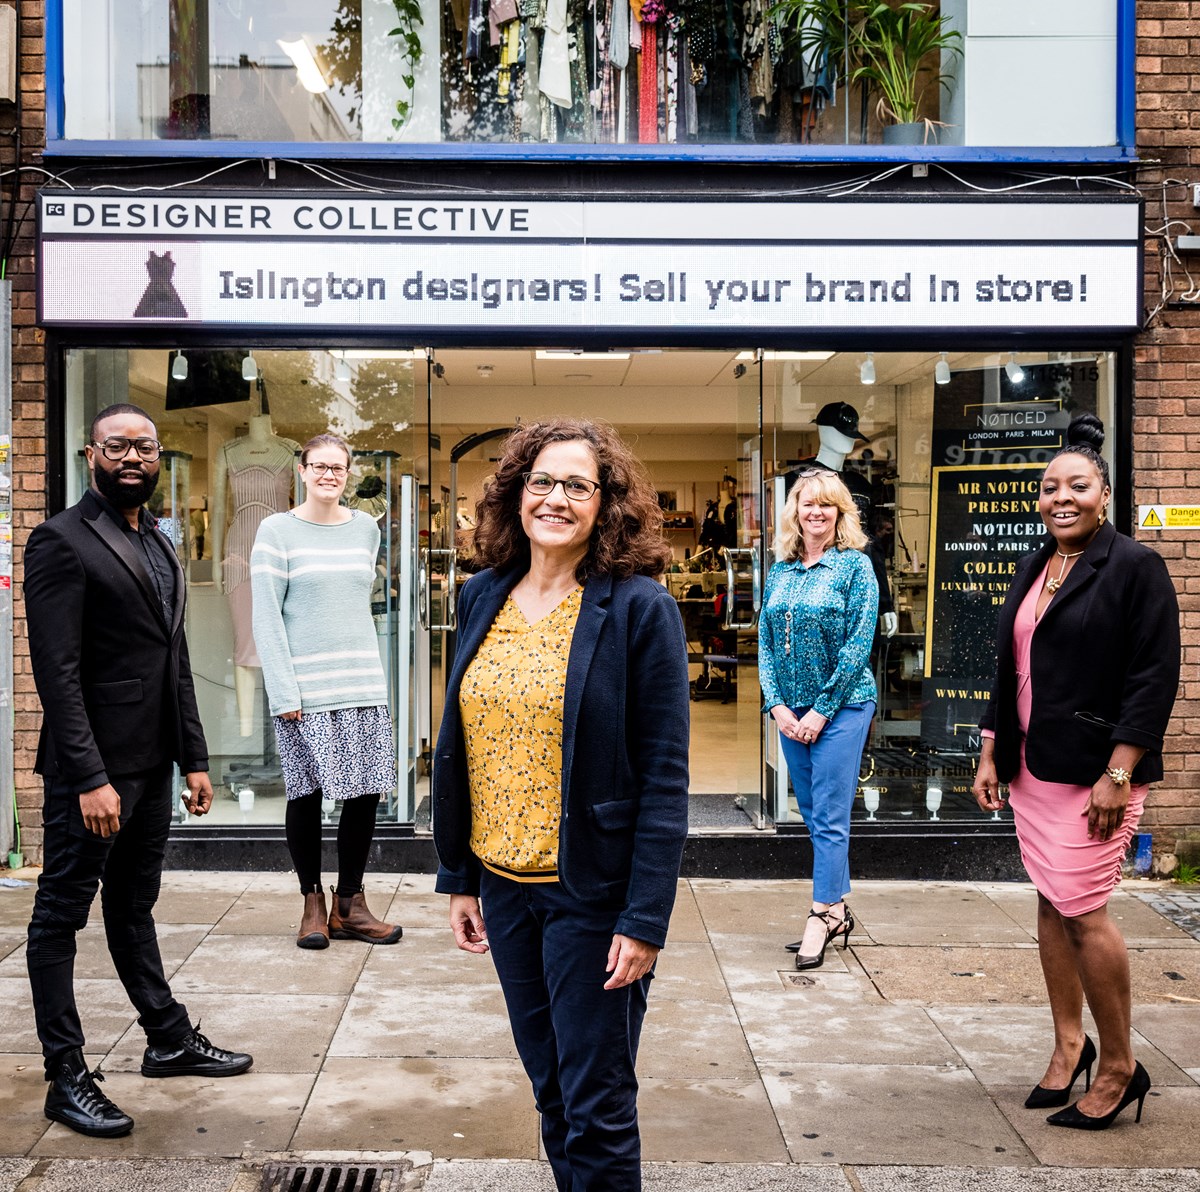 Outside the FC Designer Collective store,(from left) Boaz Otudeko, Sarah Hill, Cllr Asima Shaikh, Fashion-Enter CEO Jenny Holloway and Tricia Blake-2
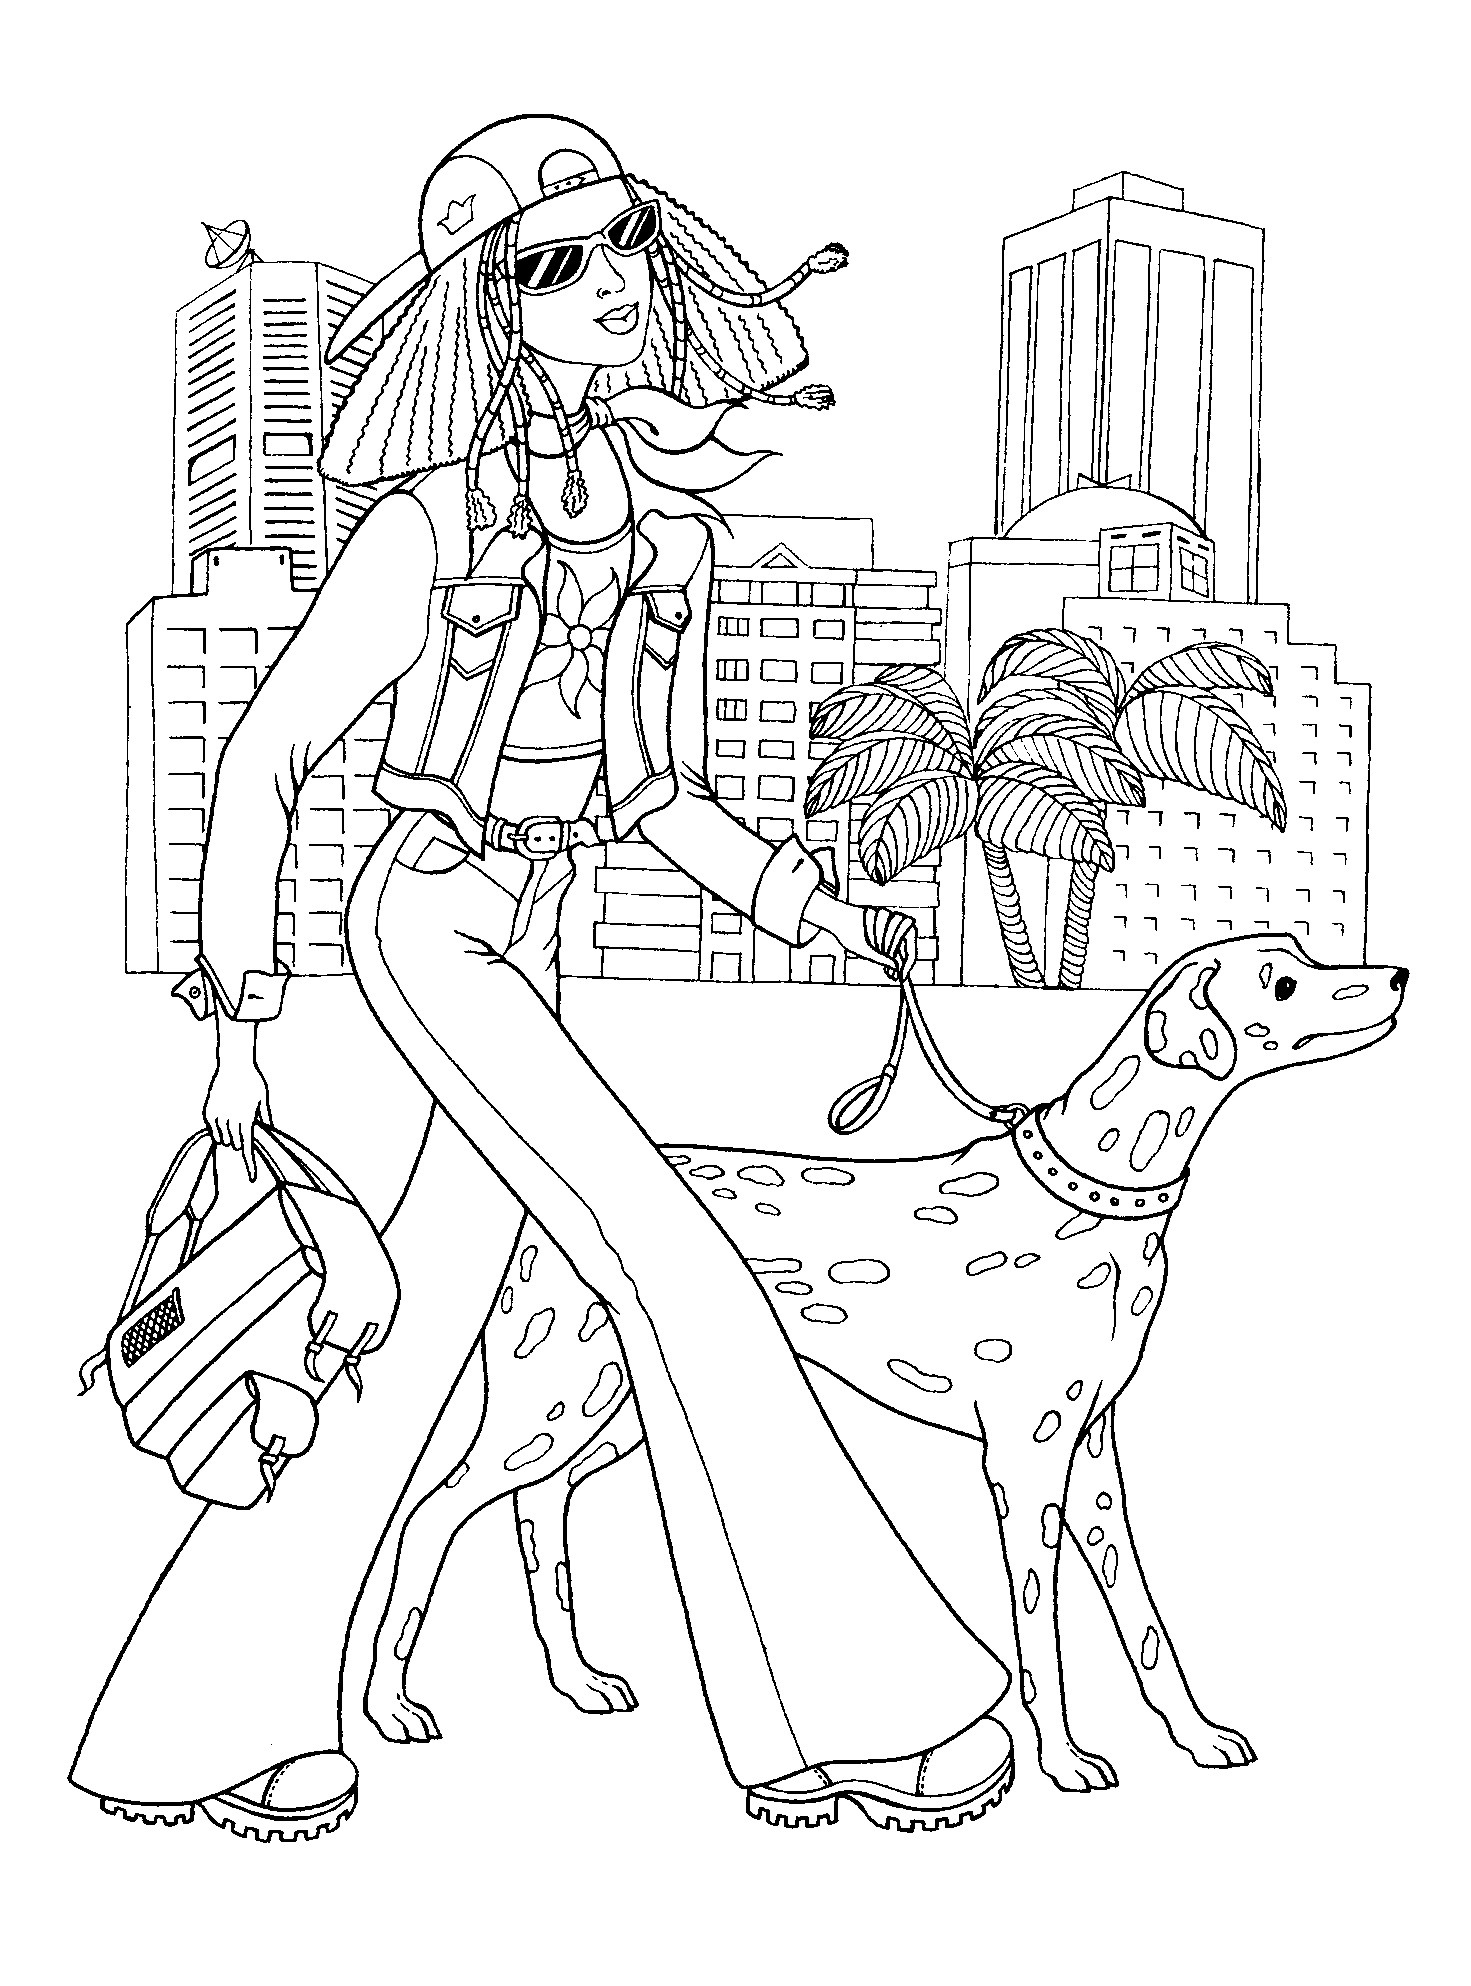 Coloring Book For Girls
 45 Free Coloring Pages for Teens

---

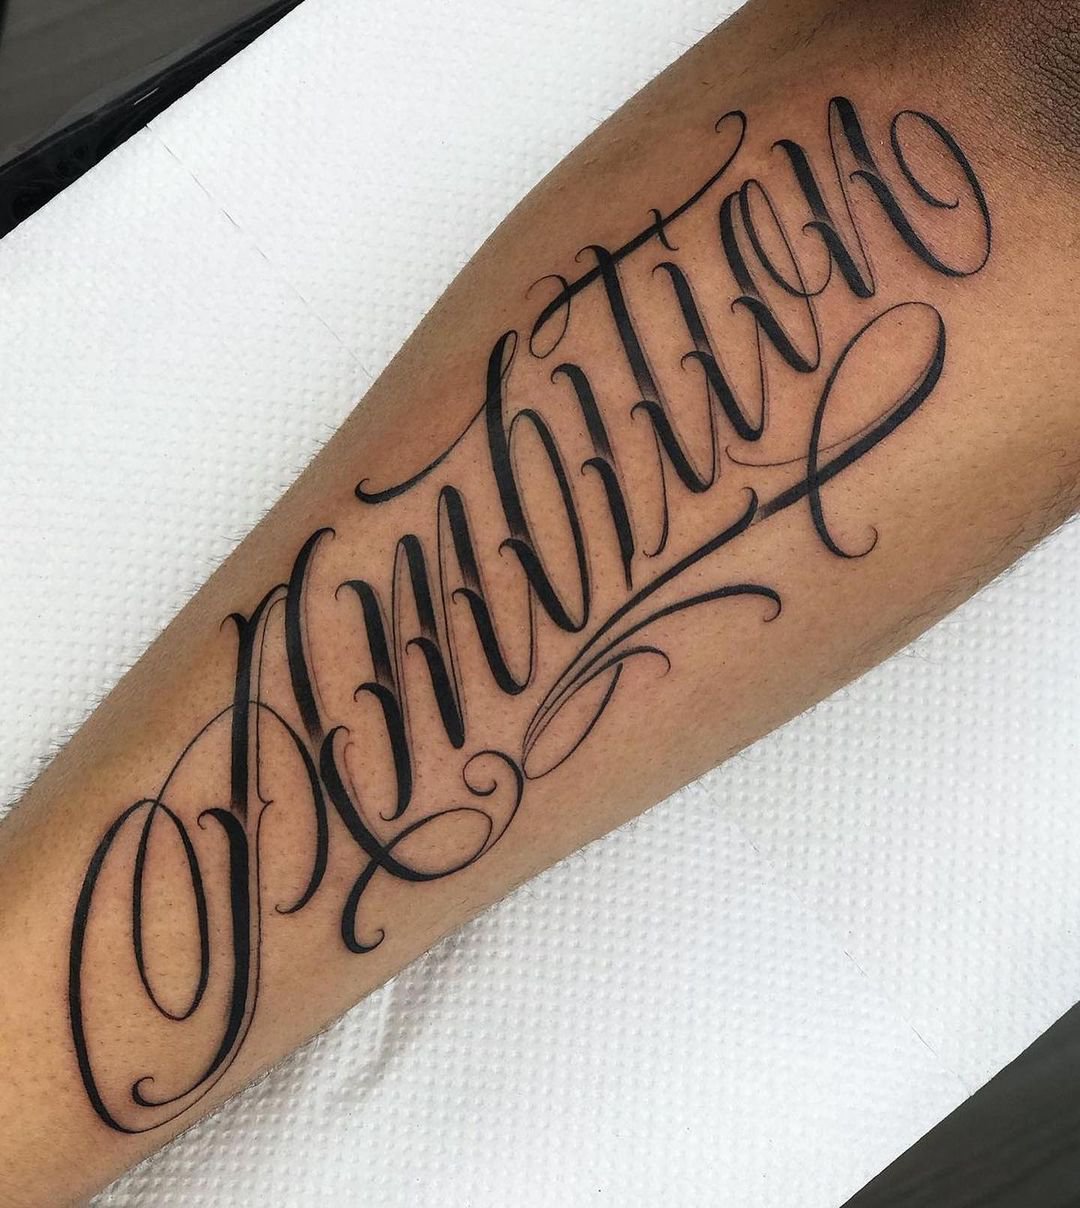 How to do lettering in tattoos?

---

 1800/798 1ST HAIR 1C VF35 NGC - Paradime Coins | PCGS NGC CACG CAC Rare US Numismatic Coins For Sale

_EXERCISE INSTRUCTIONS:_ Print exactly, with no pictures, the lines above from the one that holds "Outside the FC" through the one that holds "45 Free Coloring Pages for Teens", both of them included.

_WRITTEN RESPONSE:_
 Outside the FC Designer Collective store,(from left) Boaz Otudeko, Sarah Hill, Cllr Asima Shaikh, Fashion-Enter CEO Jenny Holloway and Tricia Blake-2
 Coloring Book For Girls
 45 Free Coloring Pages for Teens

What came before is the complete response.